He knew Aaron as a friend and lawyer. On January 13, he headlined "Prosecutor as Bully," saying:
Whatever Aaron did wasn't for personal gain. He did what he thought right. JSTOR understood. "They declined to pursue their own action against Aaron."
They asked prosecutors to drop charges. "MIT, to its great shame, was not as clear."
Prosecutors took full advantage. They got the excuse they wanted to target Aaron. They wrongfully criminalized him.
"From the beginning, the government worked as hard as it could to characterize what Aaron did in the most extreme and absurd way."
It suggested he downloaded academic and scholarly articles for profit.
"But anyone who says that there is money to be made in a stash of ACADEMIC ARTICLES is either an idiot or a liar. It was clear what this was not, yet our government continued to push as if it had caught the 9/11 terrorists red-handed."

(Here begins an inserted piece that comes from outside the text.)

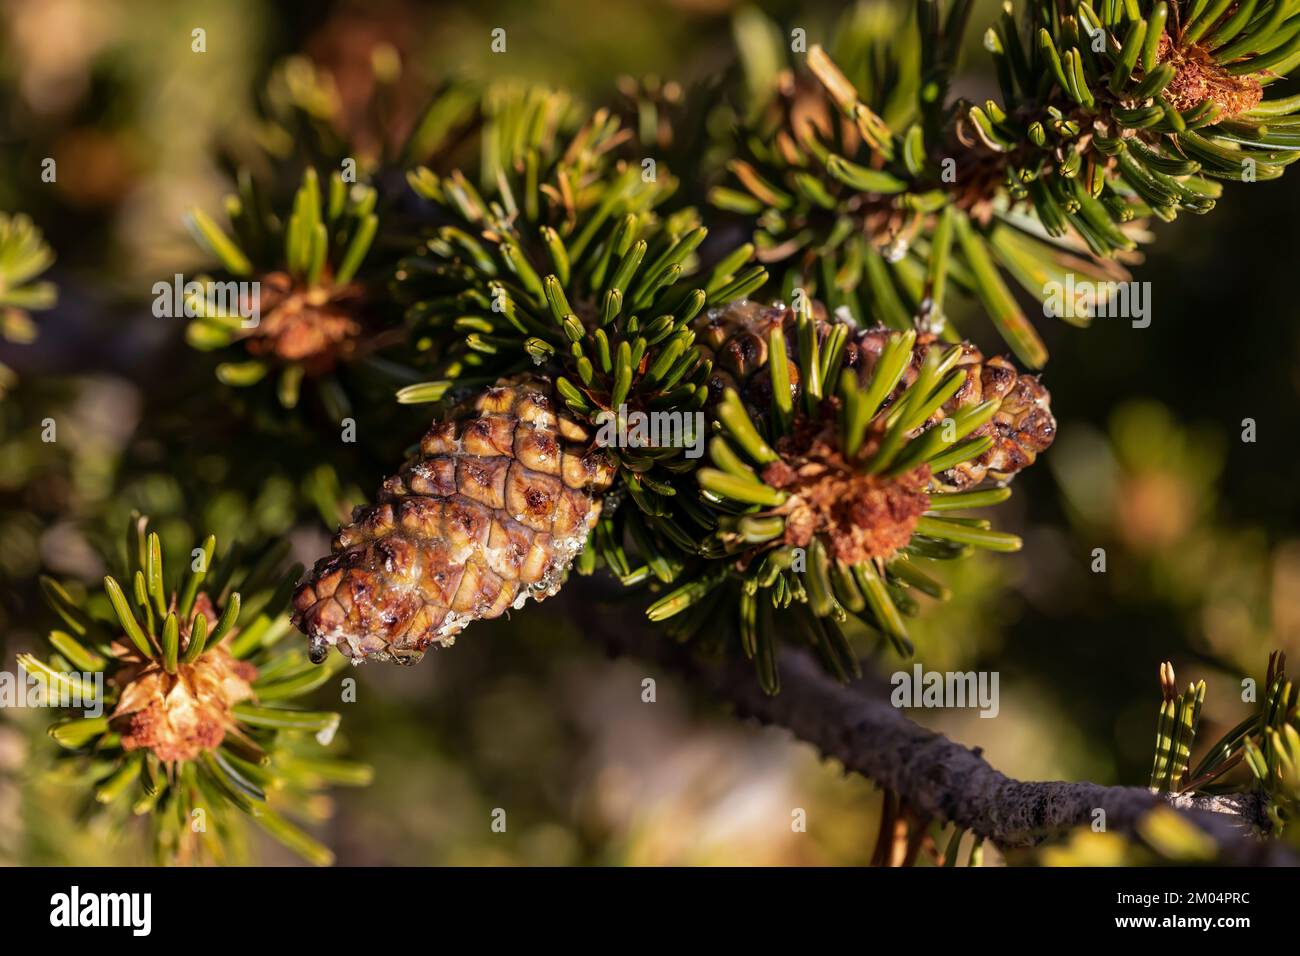 Needles and cones of Bristlecone Pine, Pinus longaeva, in Ancient Bristlecone Pine Forest, Inyo National Forest, California, USA Stock Photo

"Aaron had literally done nothing in his life 'to make money.' " Whatever he earned wasn't by intent.
"(W)e live in a world where the architects of the financial crisis, (notorious despots, and other scoundrels) regularly dine at the White House."
"(W)hy (was) Aaron labeled a 'felon?' " Prosecutors bled him dry. "(W)e need to get beyond the 'I'm right so I'm right to nuke you' ethics that dominates our time."
"That begins with one word: shame. One word, and endless tears."
A previous article questioned the official suicide story. It quoted Aaron extensively in his own words. It asked if he sounded like someone planning suicide.
He advocated online openness and freedom. He called information "power." He wanted it in the public domain. He wanted everyone able to share it freely and openly. Failure is "too high a price to pay," he said.
It's "outrageous and unacceptable," he added. Possessors of information are obligated to share it. They're morally bound not to "keep this privilege for (them)selves."
"(S)haring isn't immoral - it's a moral imperative. Only those blinded by greed would refuse to let a friend make a copy."